Exercise objective - The line containing "- Højbro Plads" marks where to begin; quote it and every line after it through the end of the data, exactly as written.

Supplied data START

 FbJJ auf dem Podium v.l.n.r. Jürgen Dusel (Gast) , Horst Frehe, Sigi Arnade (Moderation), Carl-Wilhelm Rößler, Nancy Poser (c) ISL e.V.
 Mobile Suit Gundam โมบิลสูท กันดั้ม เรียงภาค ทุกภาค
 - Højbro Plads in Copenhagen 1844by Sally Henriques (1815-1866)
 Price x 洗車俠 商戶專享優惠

Supplied data END

Response to this exercise -
 - Højbro Plads in Copenhagen 1844by Sally Henriques (1815-1866)
 Price x 洗車俠 商戶專享優惠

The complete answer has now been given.